I'm willing to hear any advice on this one! THANKS!


----------



## lauraleellbp (Feb 3, 2008)

82 F will work OK, you just also need to be sure to use a medication to kill off the ich as IME it's not quite high enough to rely on temp alone.

You CAN treat ich just at "normal" temps- increasing the temp just makes the treatment go faster since it makes the ich move through their lifecycles more quickly and therefore more quickly be exposed to the meds at the right stage and killed.


----------



## Karackle (Dec 11, 2007)

I think we DO have ich meds on hand but I didn't want to use them because it's so hard to get the dose right on a 5g. I'll see how the addition of the second heater works if that pushes the temp up at all. I also have salt, but does that only work/help if the temp is at 86?


----------



## lauraleellbp (Feb 3, 2008)

No, salt can help no matter the temp- salt will kill ich and can also help prevent 2ndary infections in the wounds left behind on the fish by the parasites.

What dosing instructions do you have for the med you do have? You may be able to mix up a dosage in a bit of water as if it were for a 10gal tank, then just add 1/2 of that to your tank.


----------



## AquaStudent (Jan 4, 2011)

Everything Laura said is exactly what I've heArd. Keep is updated on his condition


----------



## chad320 (Mar 7, 2010)

Yeah Kara, the salts are better than meds IMO. The meds tend to over stress an already stressed fish. Try to feed him well through the process to keep him happy.


----------



## sewingalot (Oct 12, 2008)

Kara, I have a few spare heaters laying around, do you want me to ship one up to you? Let me know and I'll have it on the next plane. Laura, do bettas tolerate salt well? I've often just used the heat method to get rid of ich (thankfully it has been many years ago). I do agree with Chad on medications. I only like to use them as a last resort.


----------



## Karackle (Dec 11, 2007)

Thanks everyone for the input and concern, I really appreciate it! 
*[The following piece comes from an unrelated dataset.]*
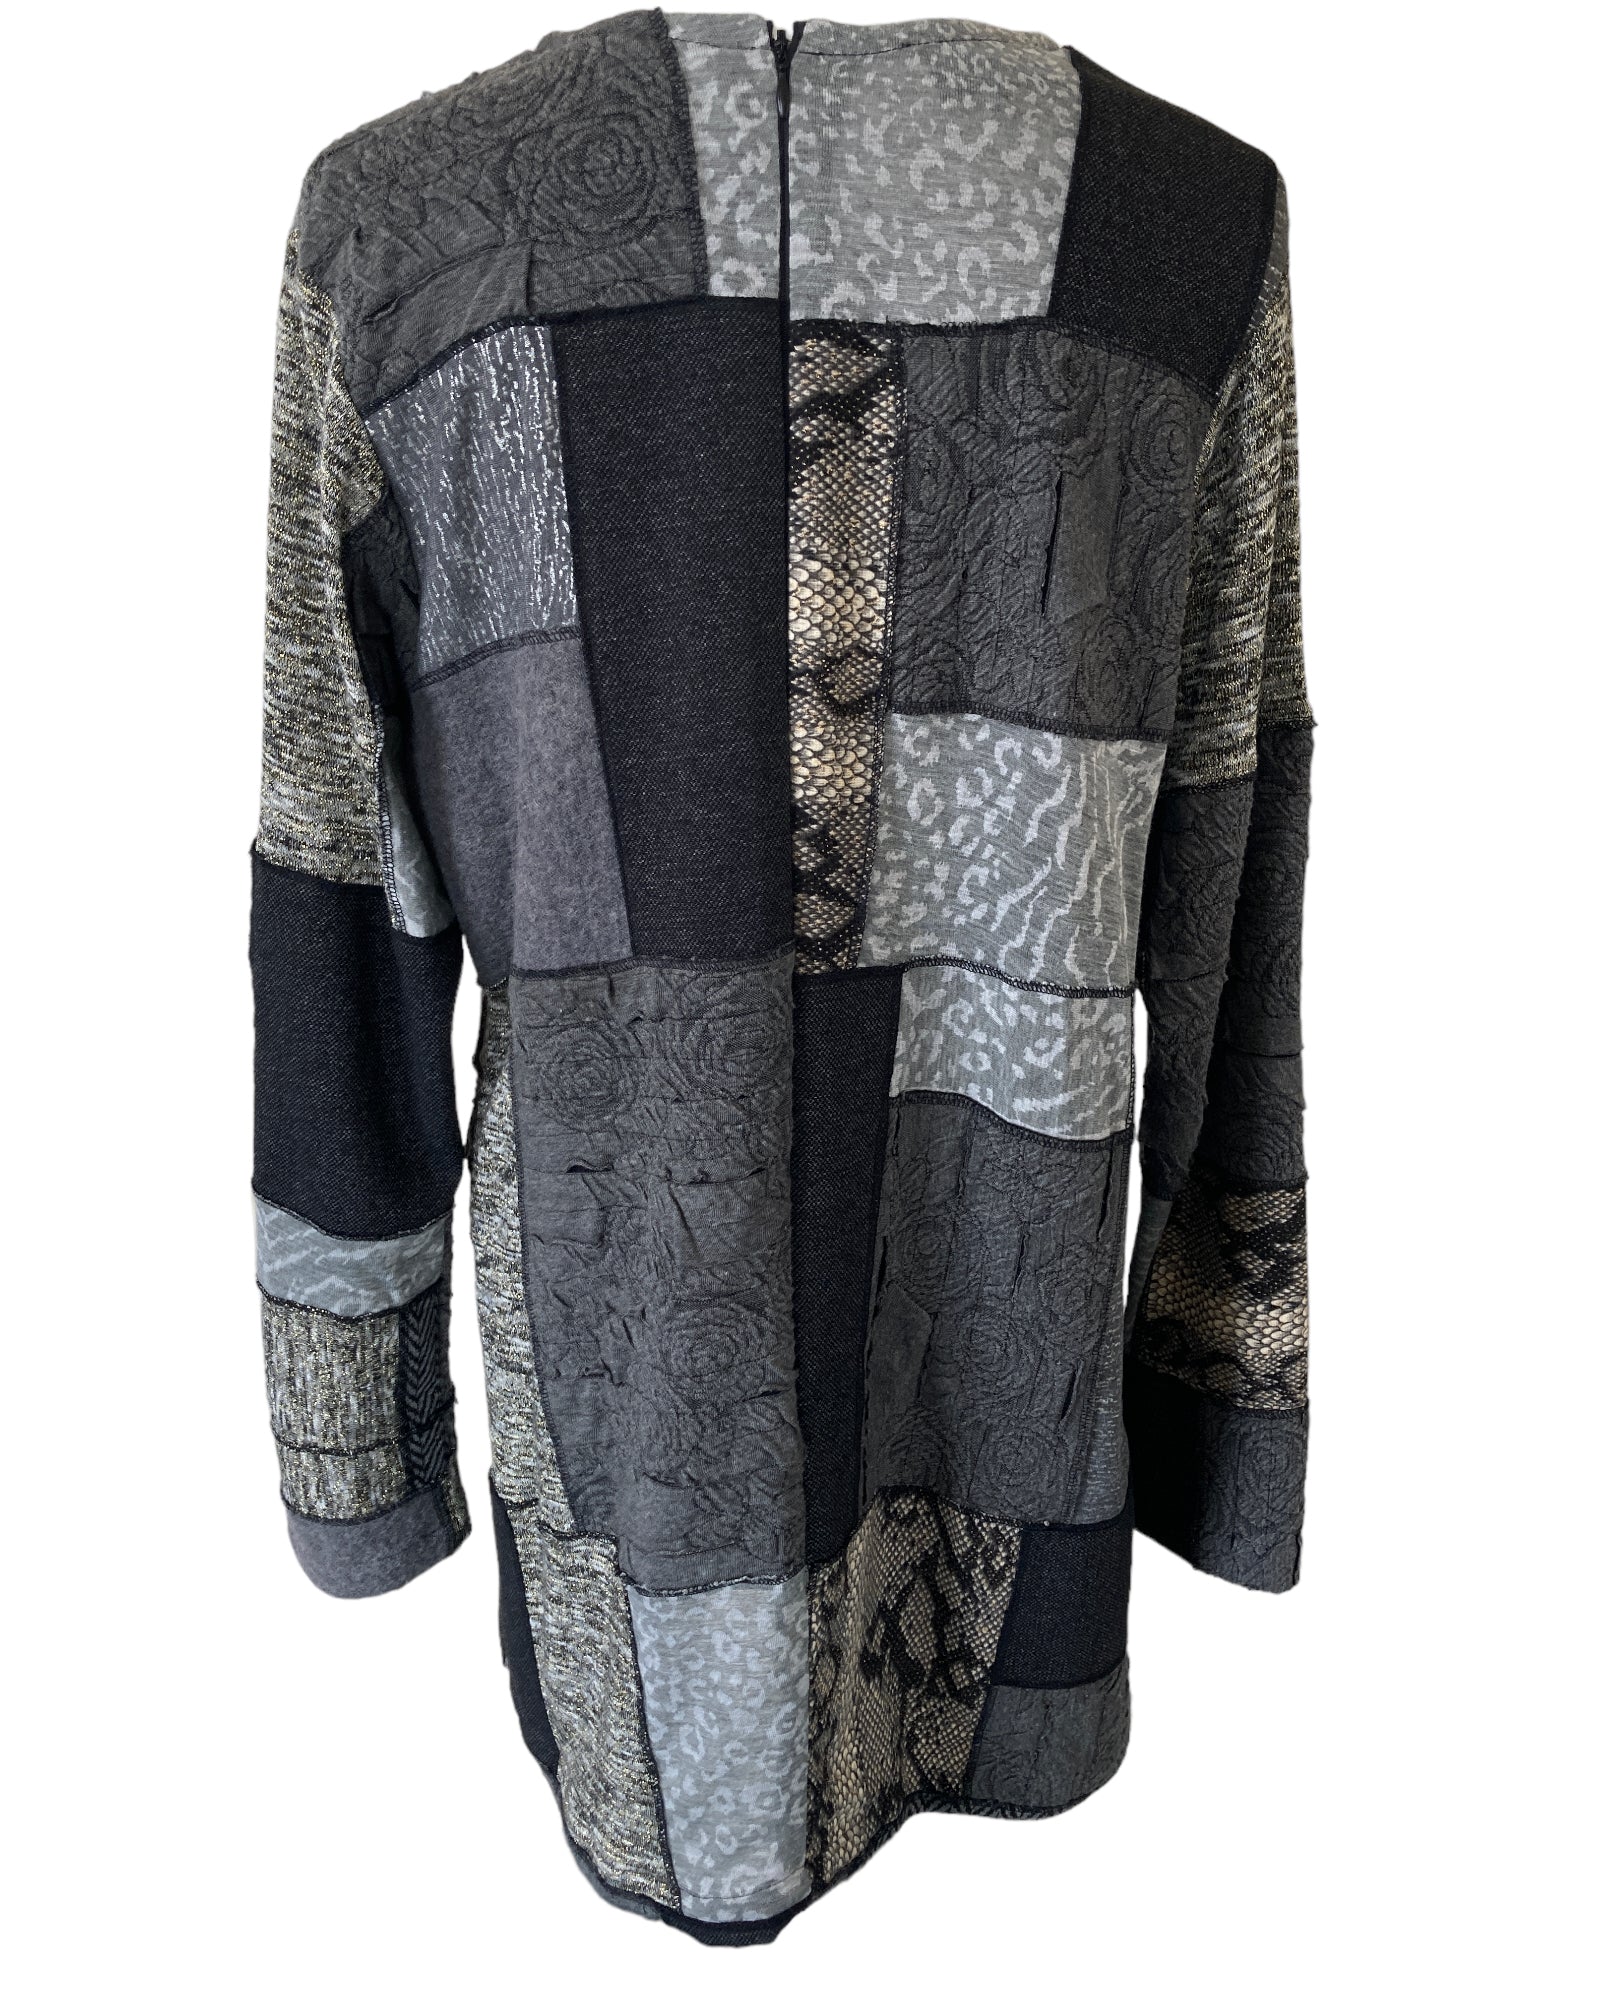 Lili Butler Grey Patchwork Jersey Tunic/Dress with Separate Cowl Neck Piece, M/L

A quick update, Mr Betta seems to be doing fine, the tank was still only at 82 this morning so I moved him with some plants, his filter and an airstone into a ~3g kritter keeper. The good news is that the heater is powerful enough to heat the smaller tank to 86, the bad news is that even though i had turned it down a few clicks to account for the smaller volume, the tank was at almost 92 when I got home (so thank you for the offer Sara, I really appreciate it but I think we're good ). As I already said, mr. betta face is fine, he even ate dinner as voraciously as ever. Needless to say, I turned the heater down and removed a little bit of water and replaces it with some slightly cooler water and added a bit of salt. Some of the plants may not have appreciated the high temps, but we shall see.

So the plan now is to let him hang out in his hot tub for a couple days while I nuke the 5g with ich meds and do some water changes and vacuum out any debris. I think what happened was that some leaves on the large crypt (which may have been the source of the ich because it came from the pet store, though i know it can also just be in tap water) melted but it was so lush I didn't see them and the water got just a bit fouled allowing the ich to take over. 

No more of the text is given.